Tech allowed 76 total yards and one touchdown after half time.

The Hokies proved resilient but overmatched as they fought to stay in their opener. Quarterback Ryan Willis threw four touchdowns, but also three interceptions and lost a fumble.

“We got to be better than that,” Fuente said. “We’ve got to be more disciplined.”

The running game never got in gear, although true freshman back Keshawn King looked capable of being a major contributor this season. Young receivers such as Robinson and Kaleb Smith and James Mitchell proved to be effective weapons. The Tech defense rotated at least nine linemen and didn’t allow BC star running back A.J. Dillon to have a monster game.

The Hokies (0-1, 0-1) held Dillon to 81 yards on 20 carries, including a 17-yard touchdown that tied the game 14-14 in the second quarter.

But Tech allowed 356 total yards in the first half and sacked Brown only once in the contest.

Yes, the Hokies’ problems were as familiar as they are fixable. The Hokies’ schedule does offer a measure of relief, with home games against Old Dominion and Furman the next two weekends.

The 2019 season has just begun. One ragged opener doesn’t make a team’s year. But this one left plenty of questions.
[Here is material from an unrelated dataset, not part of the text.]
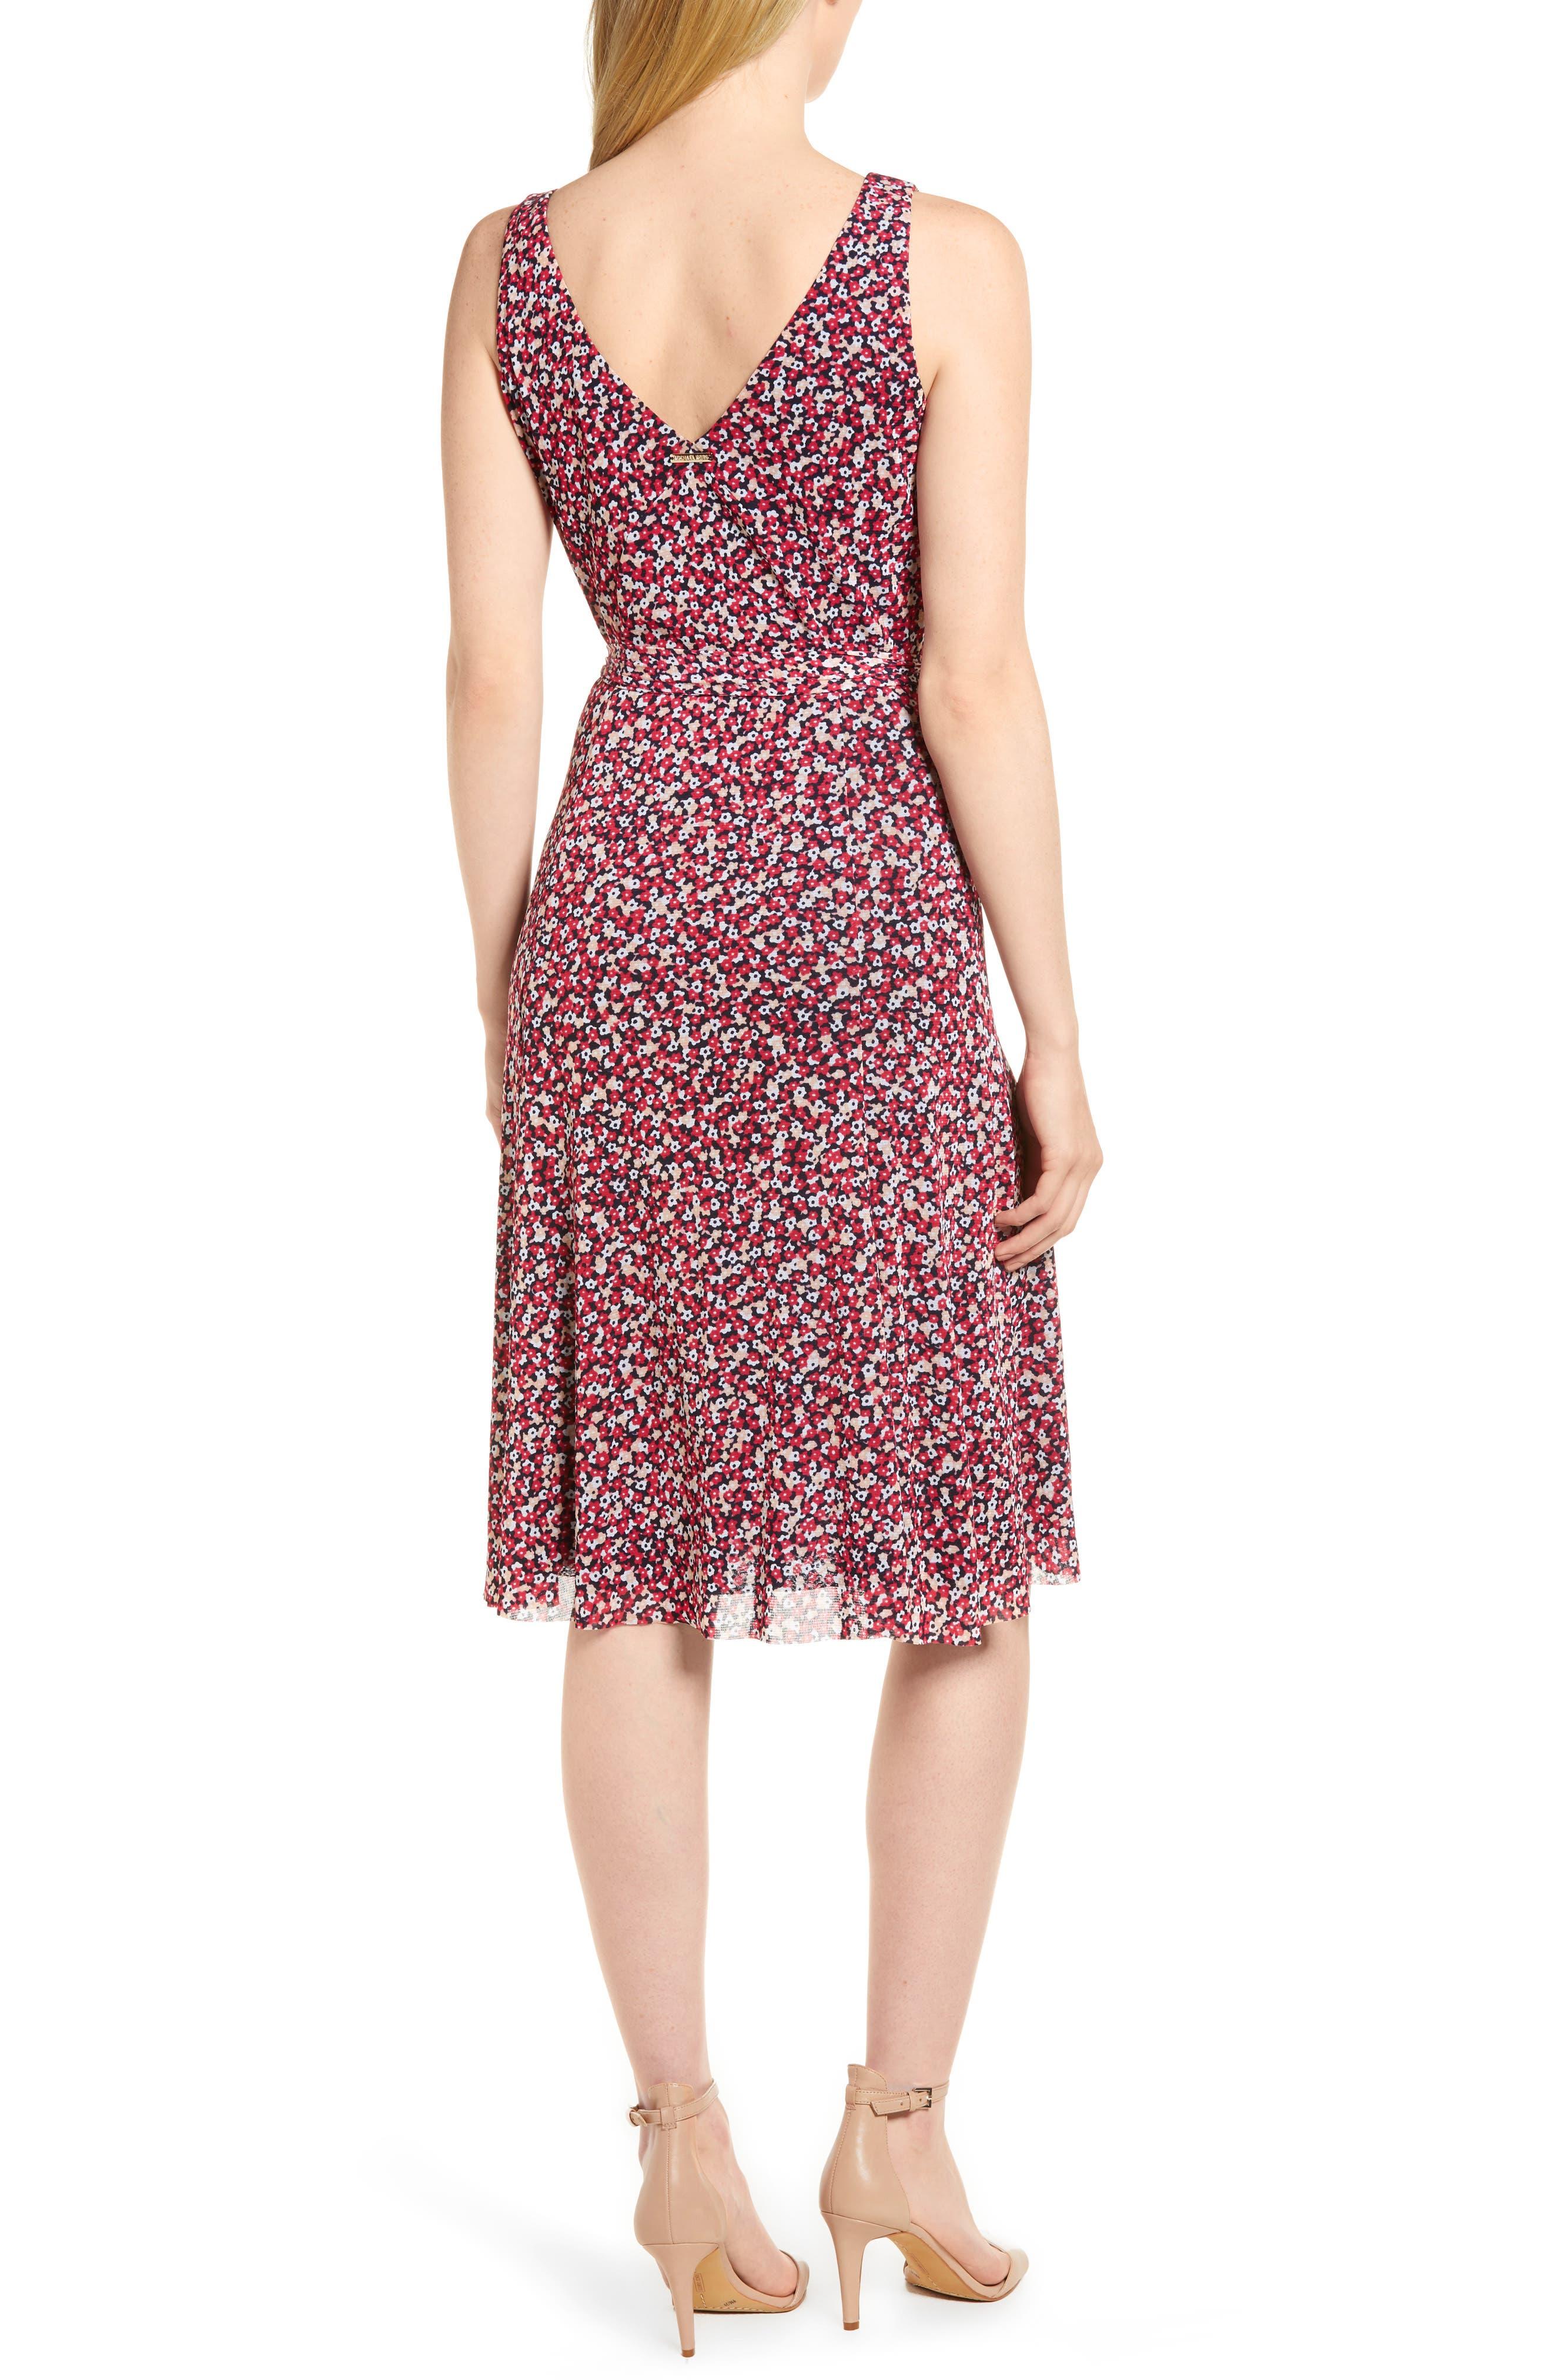 Floral Tank Dress,                             Alternate thumbnail 2, color,                             True Navy/ Bright Blush

Virginia Tech 7 7 7 7 — 28

Boston 7 21 0 7 — 35

First Quarter

BC—Flowers 33 pass from An.Brown (Boumerhi kick), 12:01

VT—Grimsley 55 pass from Willis (B.Johnson kick), 4:43

Second Quarter

VT—T.Robinson 20 pass from Willis (B.Johnson kick), 11:29

BC—Dillon 17 run (Boumerhi kick), 7:58

BC—White 17 pass from An.Brown (Boumerhi kick), 6:20

BC—An.Brown 28 run (Boumerhi kick), 2:15

Third Quarter

VT—Mitchell 11 pass from Willis (B.Johnson kick), 3:09

Fourth Quarter

BC—Bailey 1 run (Boumerhi kick), 7:53

VT—K.Smith 11 pass from Willis (B.Johnson kick), 2:13



First downs 29 18

Rushes-yards 42-98 48-157

Passing 344 275

Comp-Att-Int 29-47-3 15-27-1

Return Yards 72 78

Punts-Avg. 6-41.66 6-37.0

Fumbles-Lost 2-2 2-0

Penalties-Yards 4-20 6-32

Time of Possession 33:58 26:02


RUSHING—Virginia Tech, King 10-33, McClease 11-32, Holston 4-15, Willis 13-13, Turner 1-7, Debose 2-4, (Team) 1-(minus 6). Boston, Dillon 23-81, Bailey 12-38, Flowers 3-25, An.Brown 5-15, Richardson 1-2, (Team) 4-(minus 4).

PASSING—Virginia Tech, Willis 29-47-3-344. Boston, White 0-1-1-0, An.Brown 15-26-0-275.

RECEIVING—Virginia Tech, T.Robinson 6-72, Turner 5-49, Grimsley 4-98, K.Smith 4-62, Keene 4-13, Mitchell 2-22, Belmar 2-19, McClease 1-6, King 1-3. Boston, Long 4-53, White 3-73, Flowers 2-91, Idrizi 2-20, Bailey 1-27, Dillon 1-9, Burt 1-3, Glines 1-(minus 1).

MISSED FIELD GOALS—Boston, Boumerhi 38.